**Information provided:**
*****

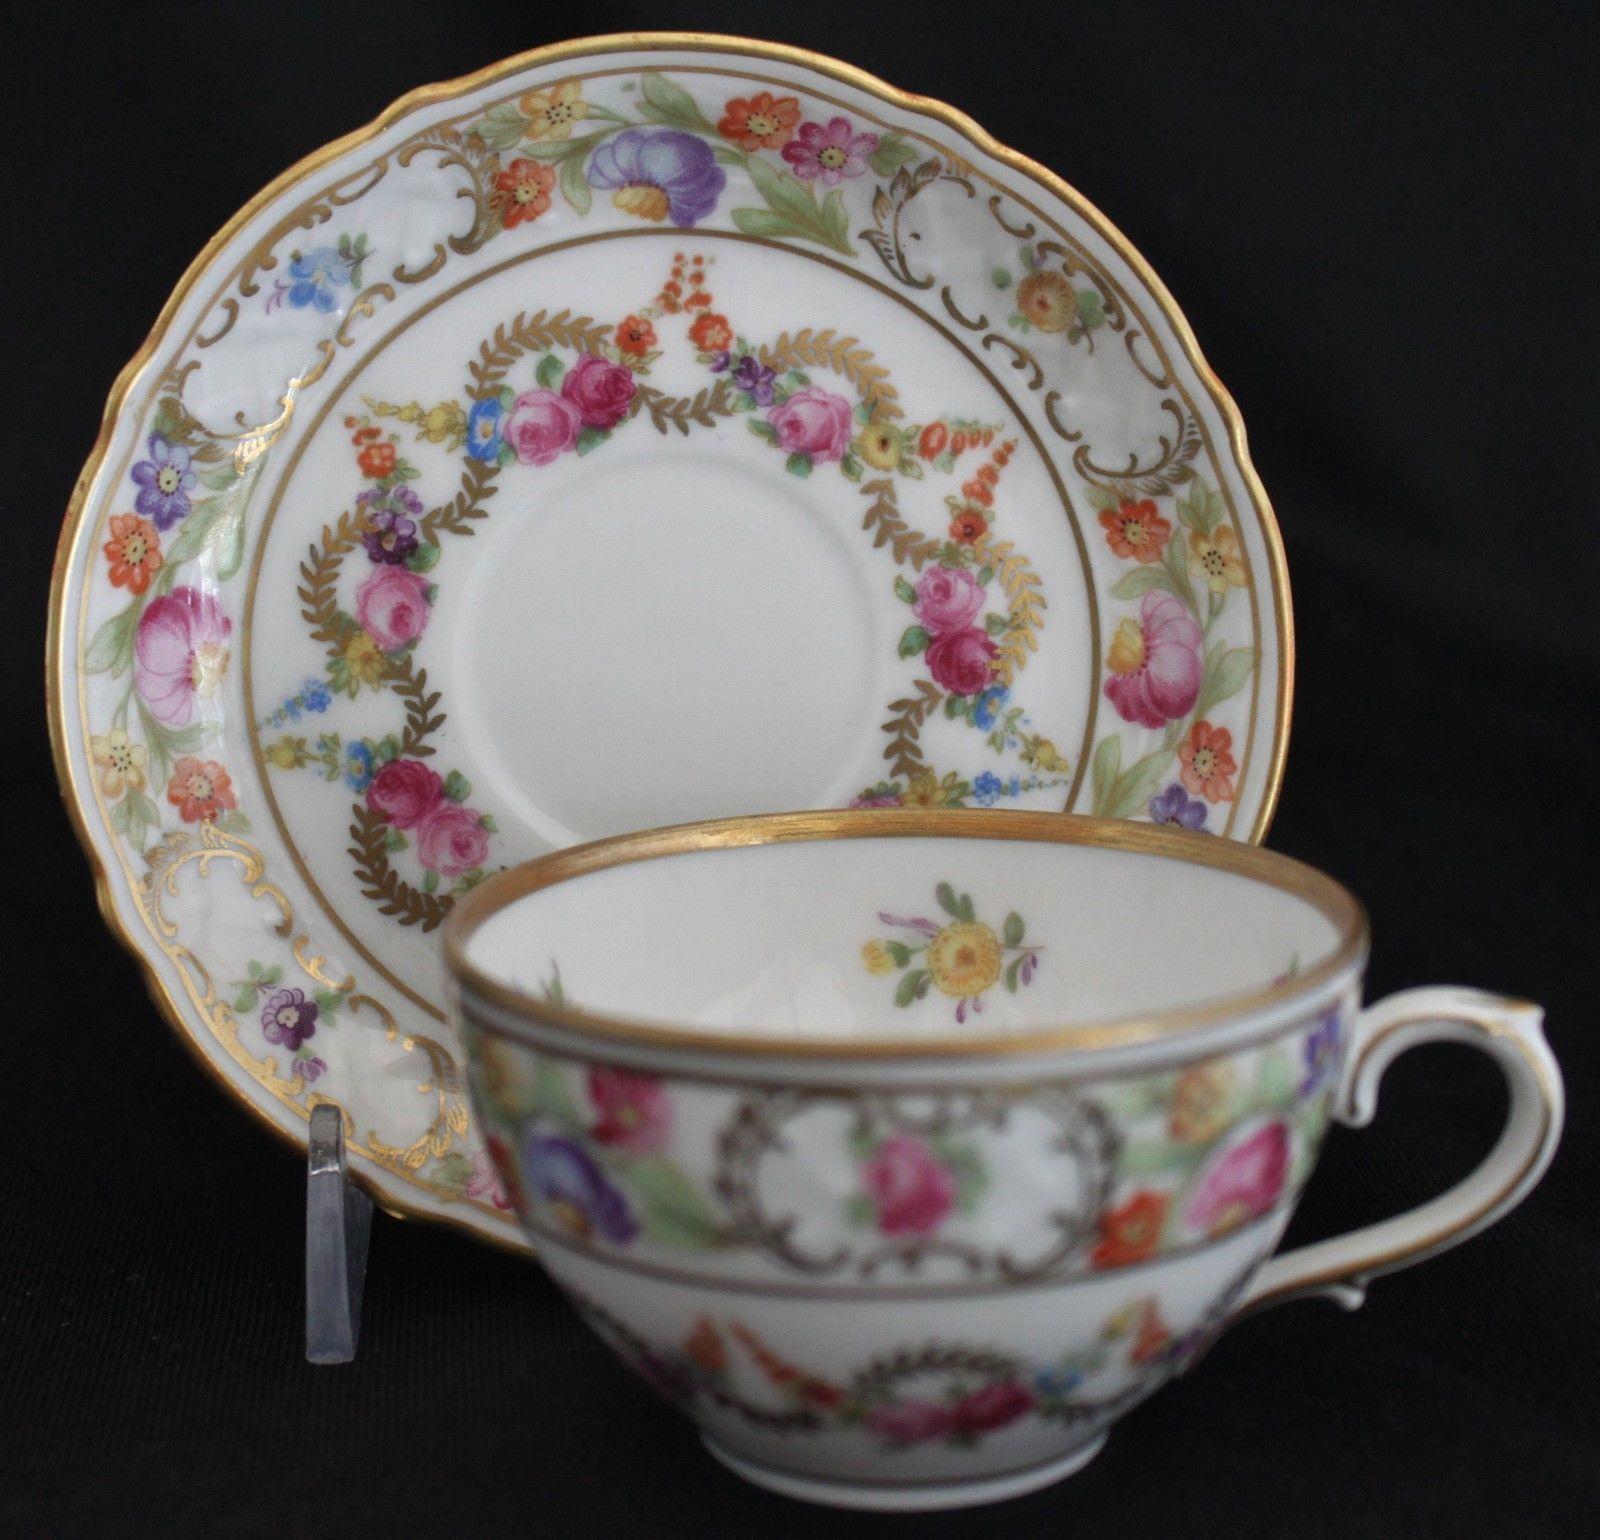 Royal albert bone china tea cup amp saucer winsome pattern ebay - Empress Dresden Flowers Variation Aka Sch2 By Schumann Germany Demi Cup Saucer
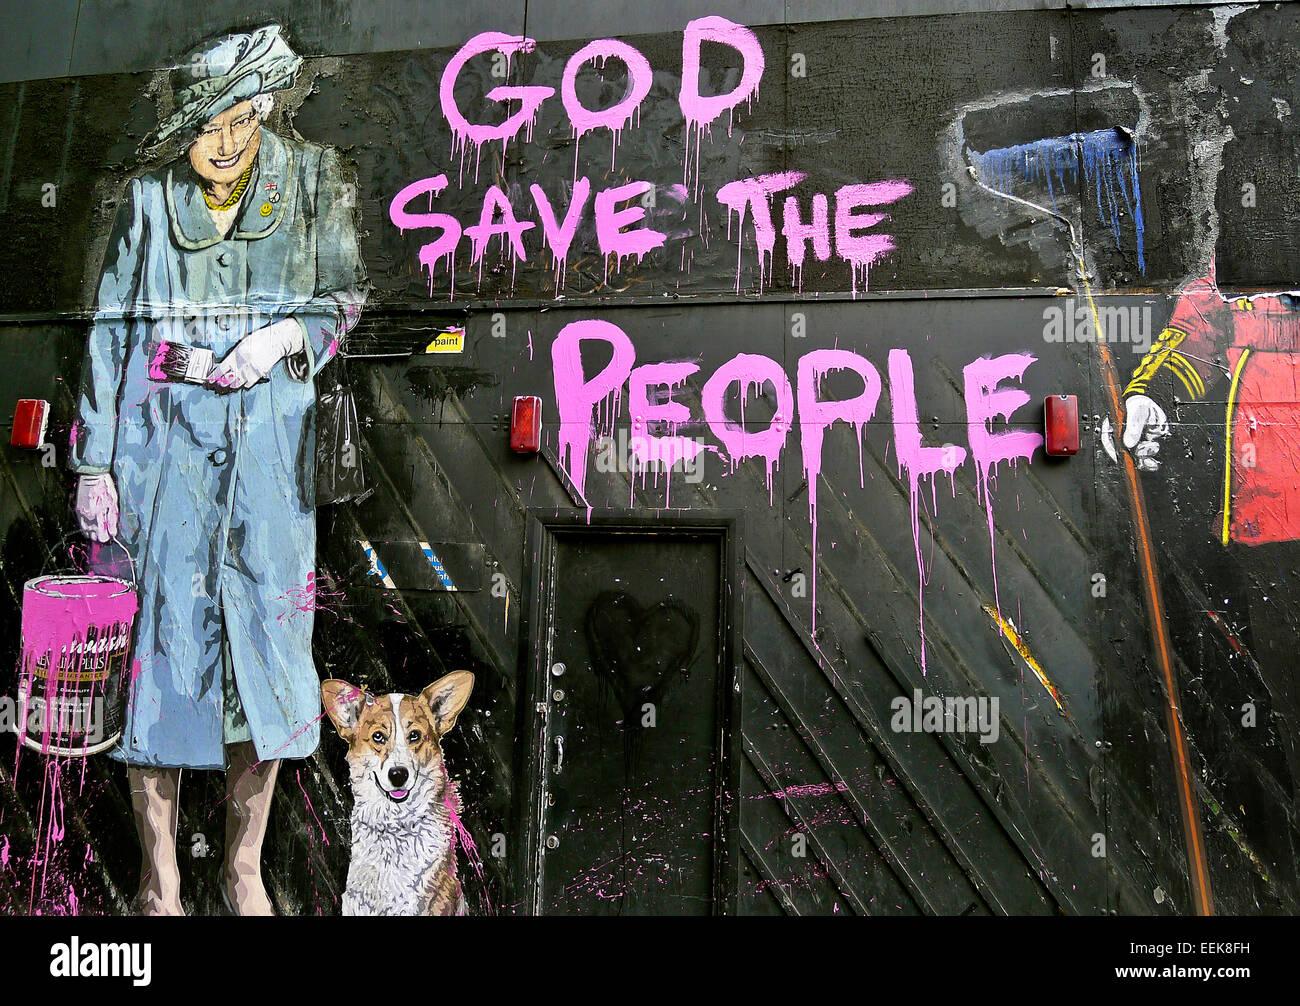 HRH Queen Elizabeth 2nd  and Corgi 'God save the Queen' graffiti - Stock Image
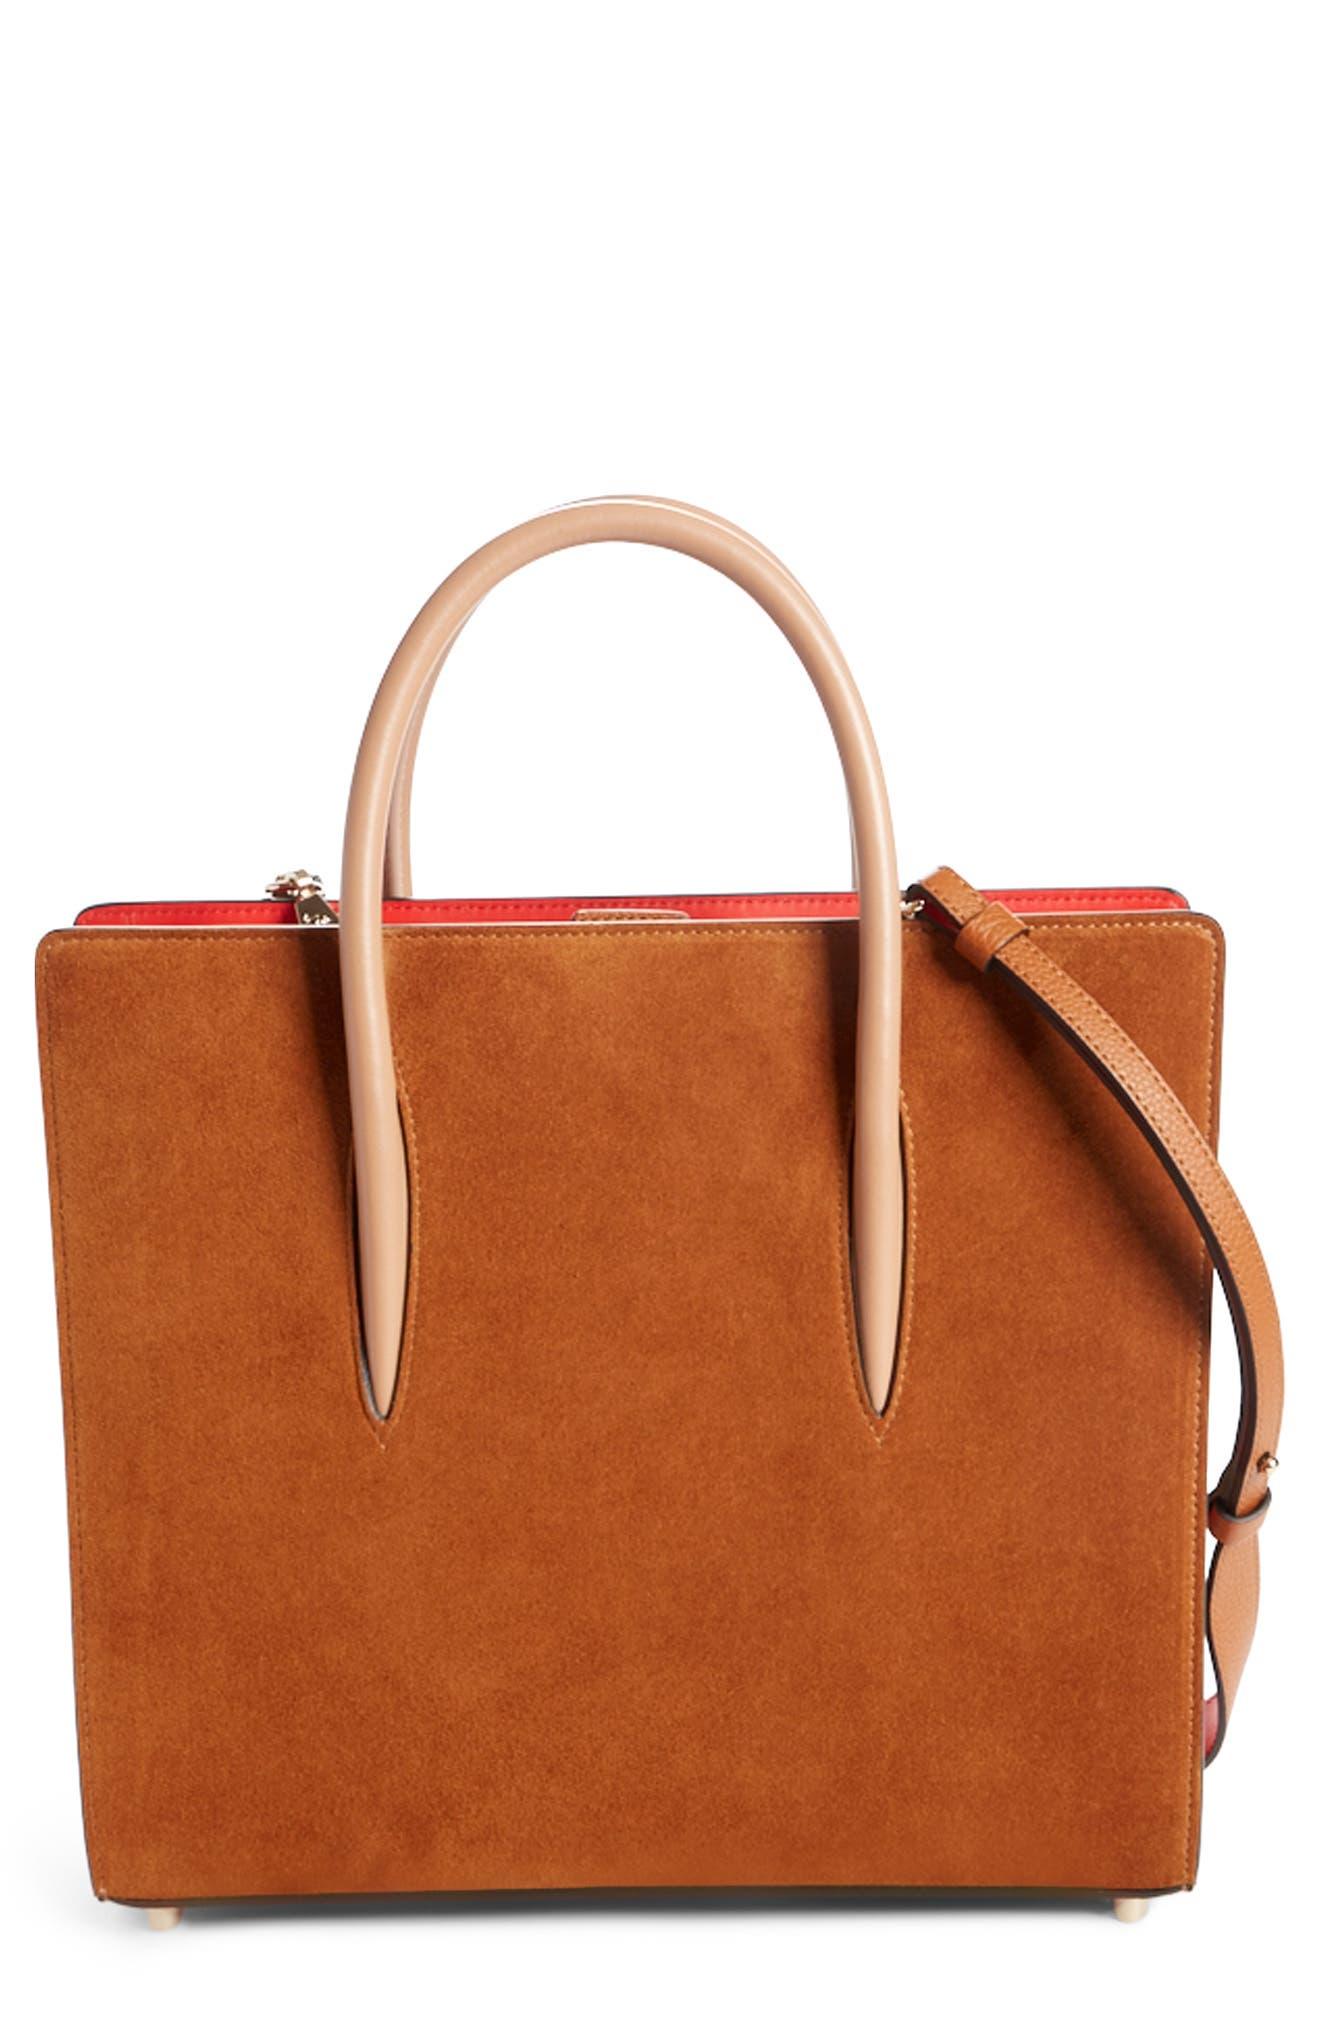 Medium Paloma Loubiwoodstock Suede & Leather Tote,                         Main,                         color, 247
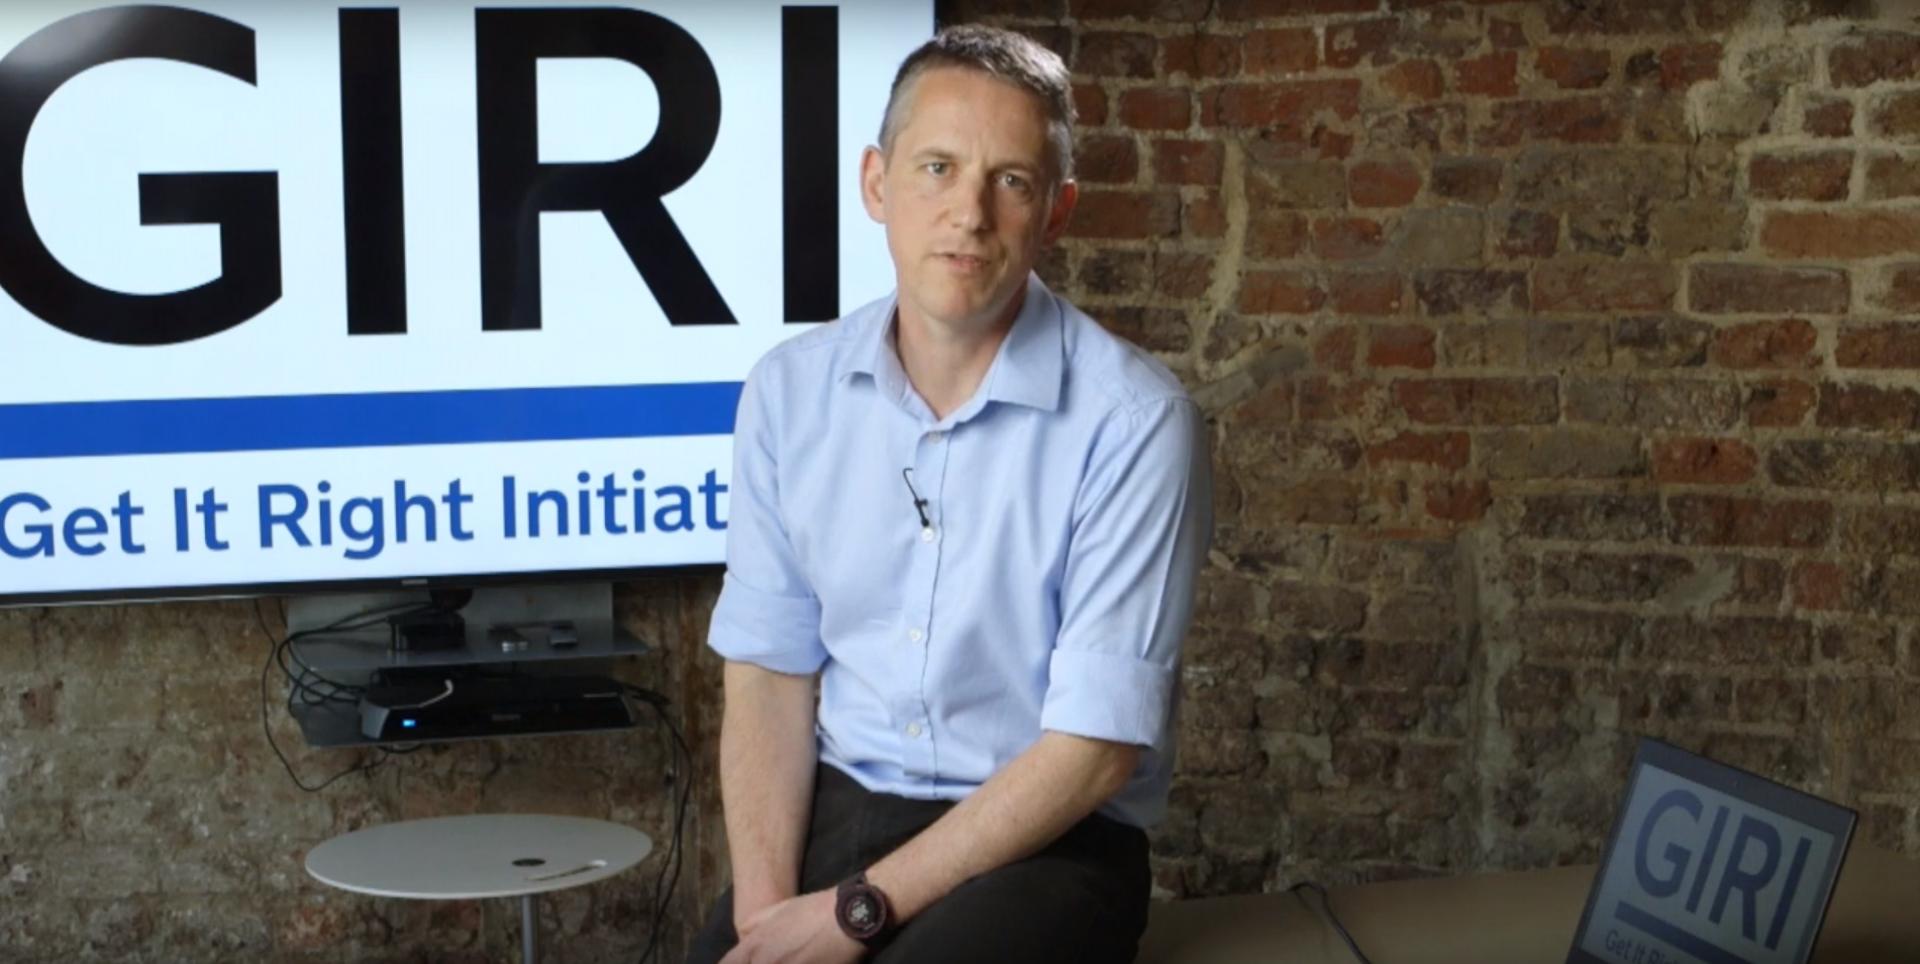 GIRI Training introductory video

*****

**Task to complete:** An exact copy of the listing is required, excluding any pictures.

**Answer below:**
 Royal albert bone china tea cup amp saucer winsome pattern ebay - Empress Dresden Flowers Variation Aka Sch2 By Schumann Germany Demi Cup Saucer
 HRH Queen Elizabeth 2nd  and Corgi 'God save the Queen' graffiti - Stock Image
 Medium Paloma Loubiwoodstock Suede & Leather Tote,                         Main,                         color, 247
 GIRI Training introductory video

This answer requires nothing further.